Oireachtas Joint and Select Committees

Tuesday, 20 November 2018

Joint Oireachtas Committee on Housing, Planning and Local Government

Impact of Brexit on Ireland's Housing Market: Discussion (Resumed)

11:00 am

Photo of Eoin Ó BroinEoin Ó Broin (Dublin Mid West, Sinn Fein) | Oireachtas source

Apologies for being late.

In some sense, none of us knows what will happen. We could spend a great deal of time speculating but our conversation - as with NERI and the ESRI last week - is, accepting the fact that we do not know and considering what contingency plans can be put in place so that if X happens, B can be the response, and if Y happens, C can be the response. In particular, I was struck by what the ESRI stated last week. It gave the committee clear warnings in terms of the impact, particularly on private sector supply, if negotiations go particularly badly, hard Brexit or not.

It gave us figures such as, for example, 50% of key building products like electrical components and 30% of timber products pass through Britain. Obviously there are also the issues of the flow and cost of labour and the potential disruption to the cost of finance. If I understood the presentation last week correctly, for us they were saying the biggest warning was factors that could slow down the supply of private sector housing.

The departmental officials clearly cannot tell us how much that supply is going to be slowed down until we see it. What I am not seeing in the written presentation or hearing in the answers I have heard so far is that if supply starts to slow down, as we move through the Rebuilding Ireland and national development plan, NDP, targets, what contingency plans could be put in place or are being prepared to address that. For example, a portion of the social housing targets in Rebuilding Ireland are local authority or approved housing body builds and acquisitions, and a very large proportion are private sector short or long-term leased. Meeting those targets requires the Rebuilding Ireland targets to proceed as written in the document. If private sector supply starts to slow down, that means meeting the housing assistance payment, HAP, rental accommodation scheme, RAS, and leasing targets could be affected. Is the Department discussing, in that eventuality, shifting funding priorities to ramp up the direct provision of social housing by local authorities and approved housing bodies by a larger quantum than is in Rebuilding Ireland? That is my first question.

Likewise, in the overall housing system, while I do not necessarily agree with this way of looking at it, it is the Government's policy that increasing supply overall will reduce cost and increase affordability. If private sector supply is reducing, are there contingency plans, for example, to increase the level of investment in the delivery of affordable housing above and beyond what has already been agreed to absorb some of that shortfall in straight private sector supply? While I appreciate that some of those contingency planning discussions are Government decisions rather than departmental considerations because they would require increased resources or shifting the allocation of resources, can the Department give the committee any comfort that those are the sort of contingency planning conversations that are happening within the Department and between Departments?

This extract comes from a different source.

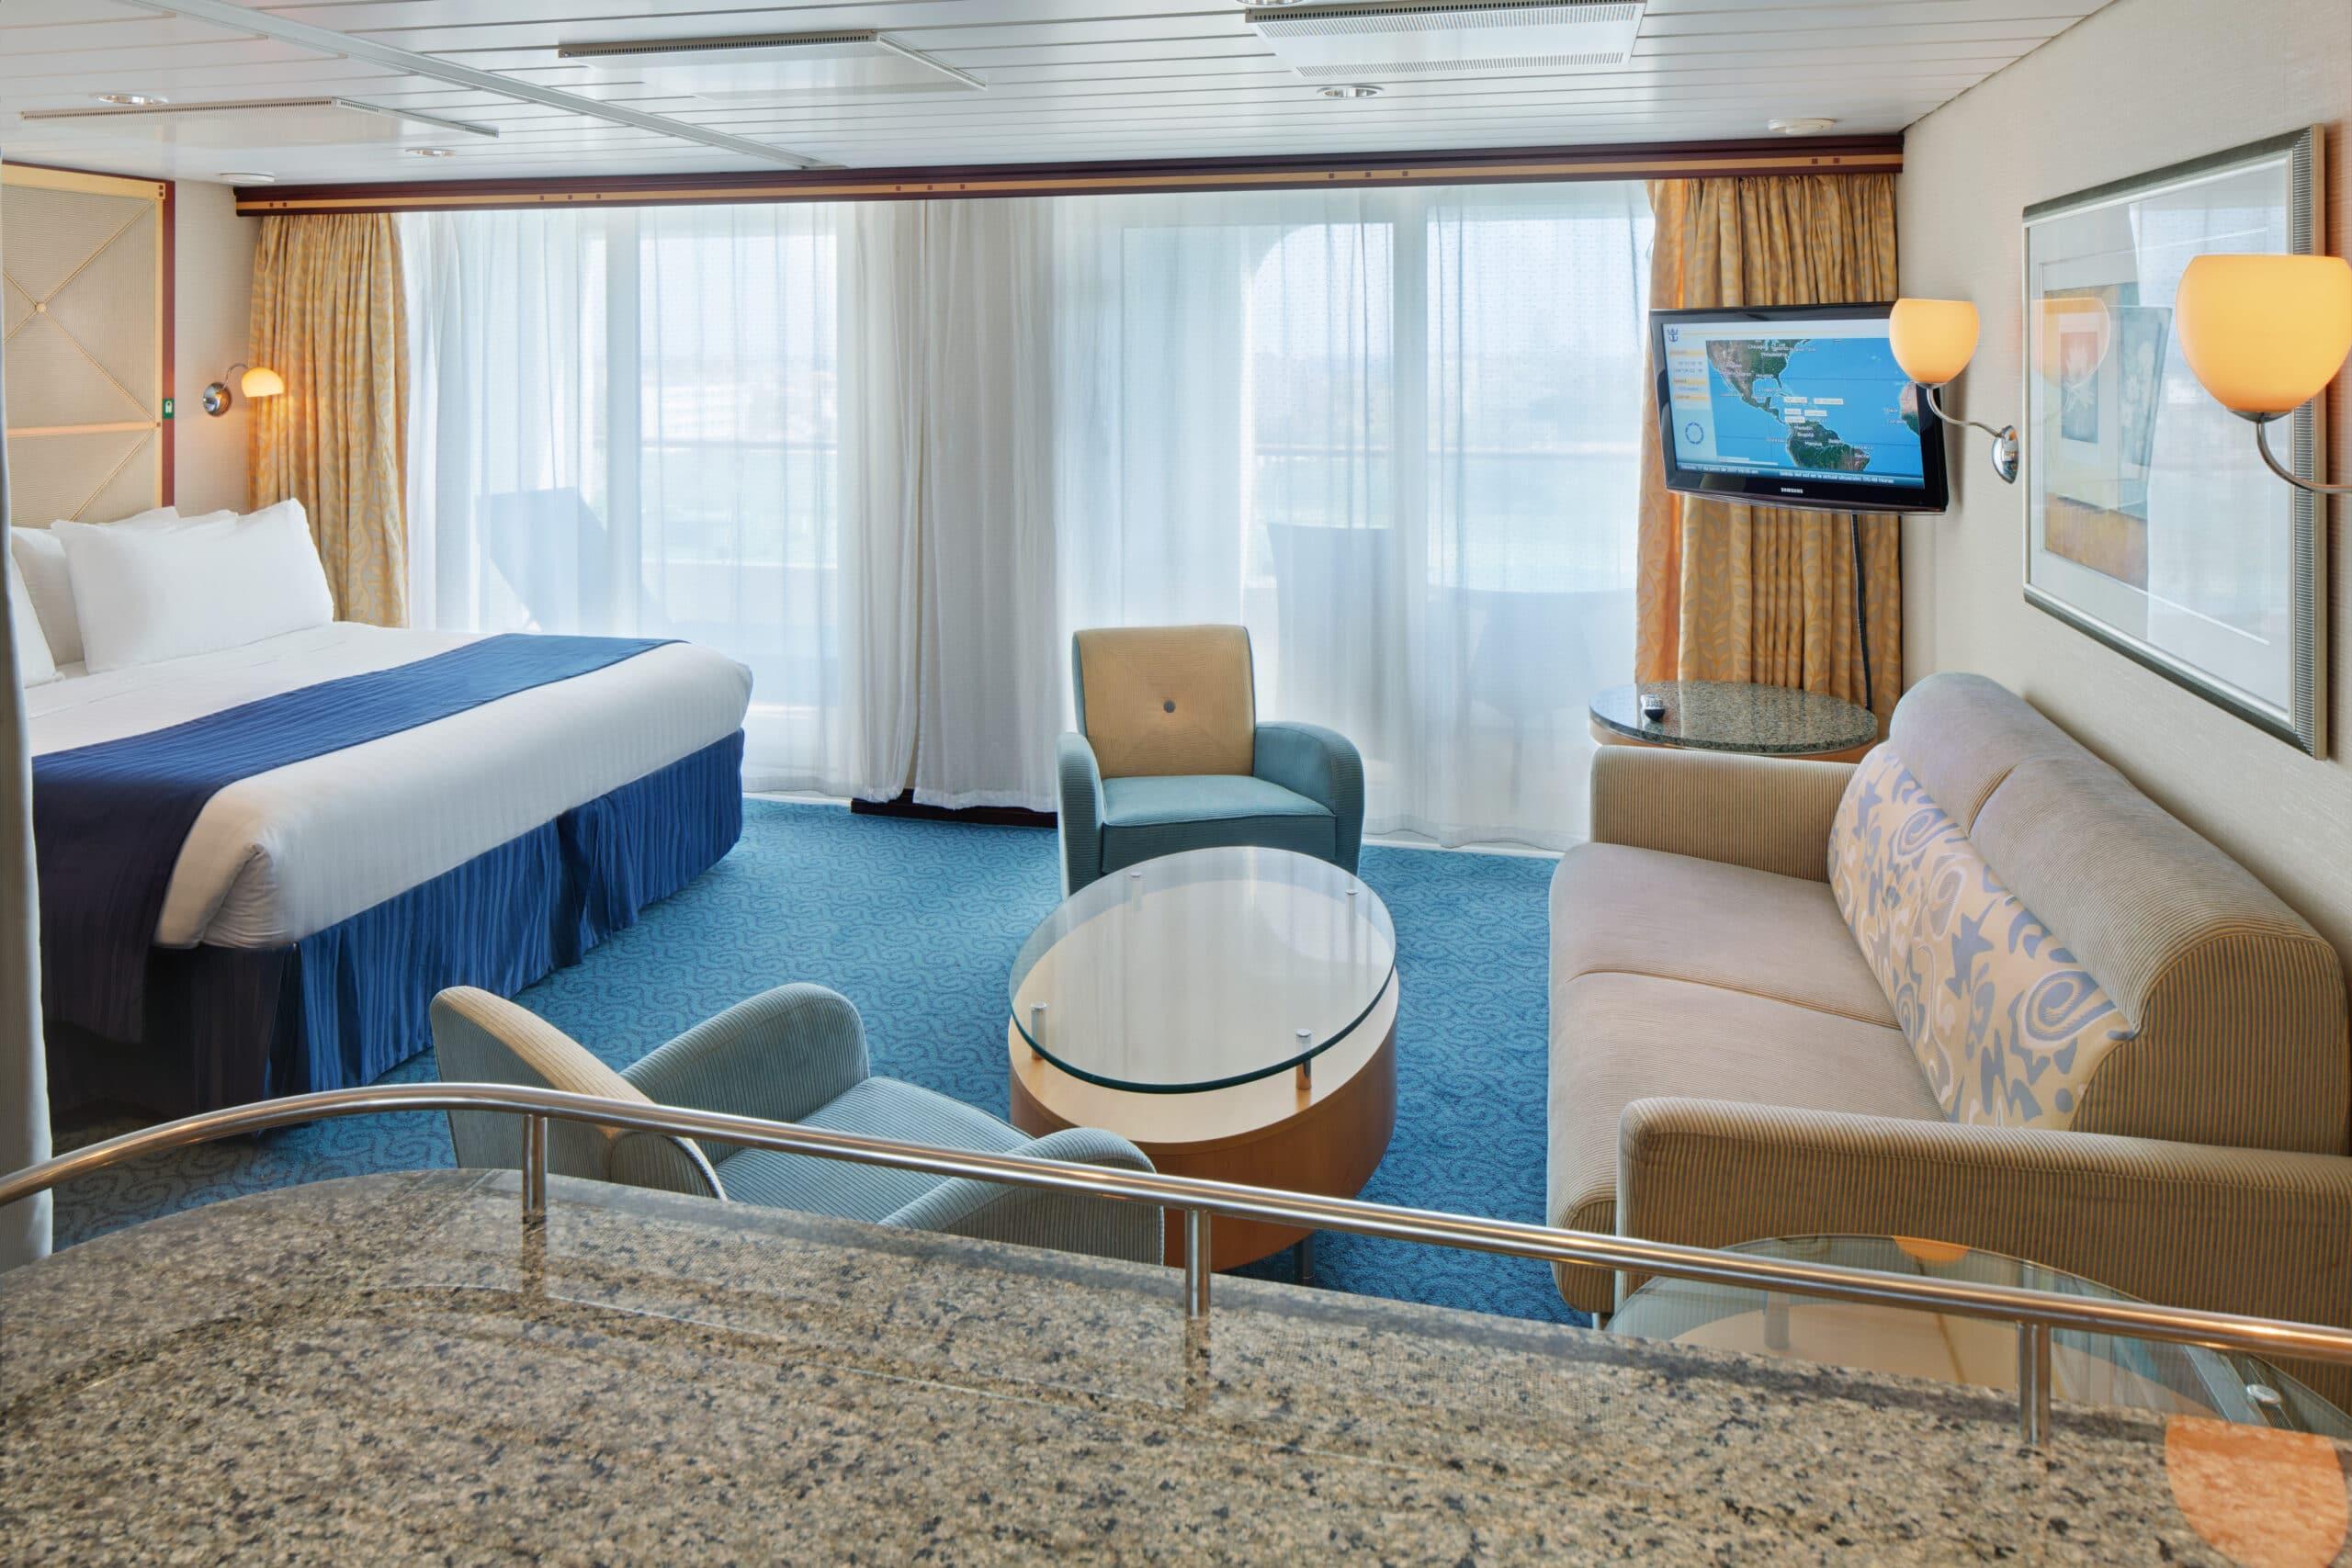 Royal-Caribbean-International-Adventure-of-the-Seas-schip-cruiseschip-categorie-GS-Grand-Suite
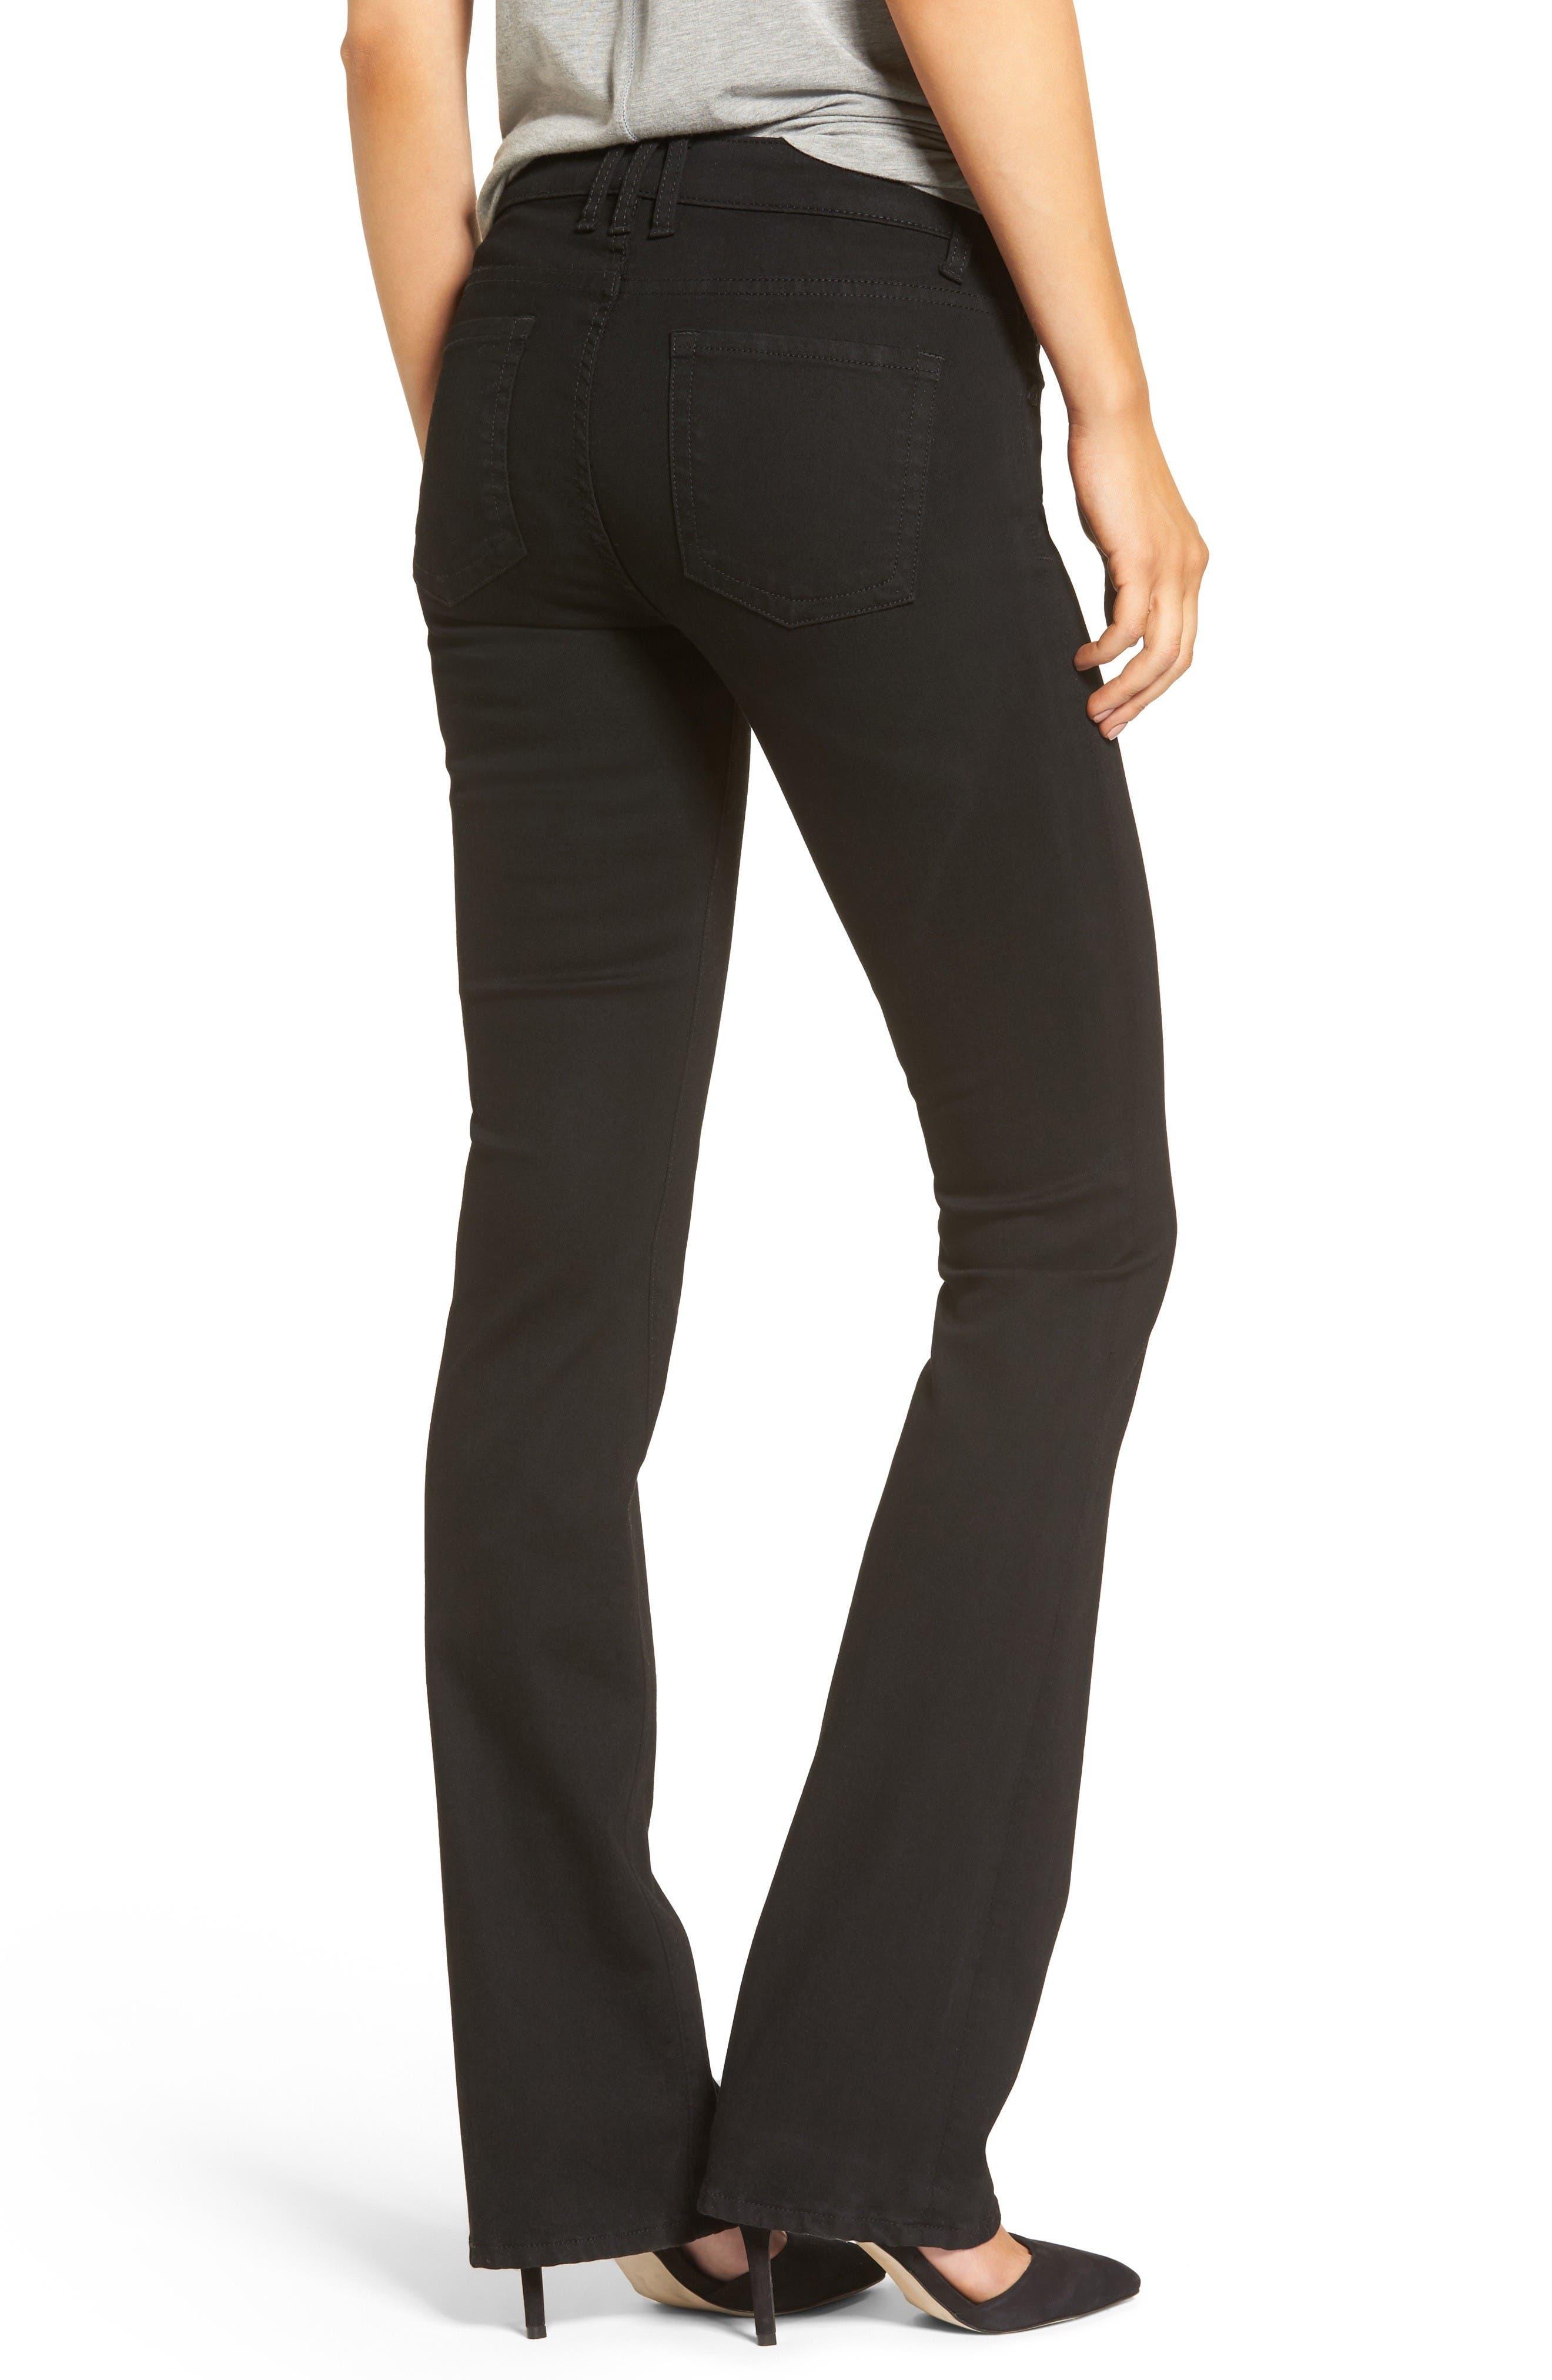 Alternate Image 2  - KUT from the Kloth Natalie Stretch Bootleg Jeans (Regular & Petite)

My big fear is that whatever about people's views about Rebuilding Ireland, and we have different views on this committee which we discussed last week, it is not Brexit-proofed. It was produced at a time such that it is relatively blind to Brexit, and I believe that is a fair point. Likewise, Mr. Allen's submission today makes clear that population targets in the national planning framework do not take a hard Brexit or a significant Brexit related increase in population movements into account, and it is also likewise with Construction 2020. Perhaps it is too harsh a phrase to say the core policy documents governing housing delivery are blind in this regard, but they were drafted irrespective of what happens with Brexit. As I came in, Ms Neary was commenting on Department guidelines and standards, land development agents etc., saying these are all things that would happen anyway. They are policy objectives in and of themselves as opposed to things that are being produced to Brexit-proof some of the negative scenarios.

My core question is whether contingency plans are being discussed and developed. Is there a particular focus on what the State will do if private sector supply is disrupted and whether the State can step in, either on the social or affordable side, and increase investment to pick up the slack there? What comfort can the Department give us that this is where the discussion is at? I fully appreciate that everything is hypothetical, but the Department and the Government still have to prepare for those hypothetical scenarios, particularly given the very negative impacts they could have on supply.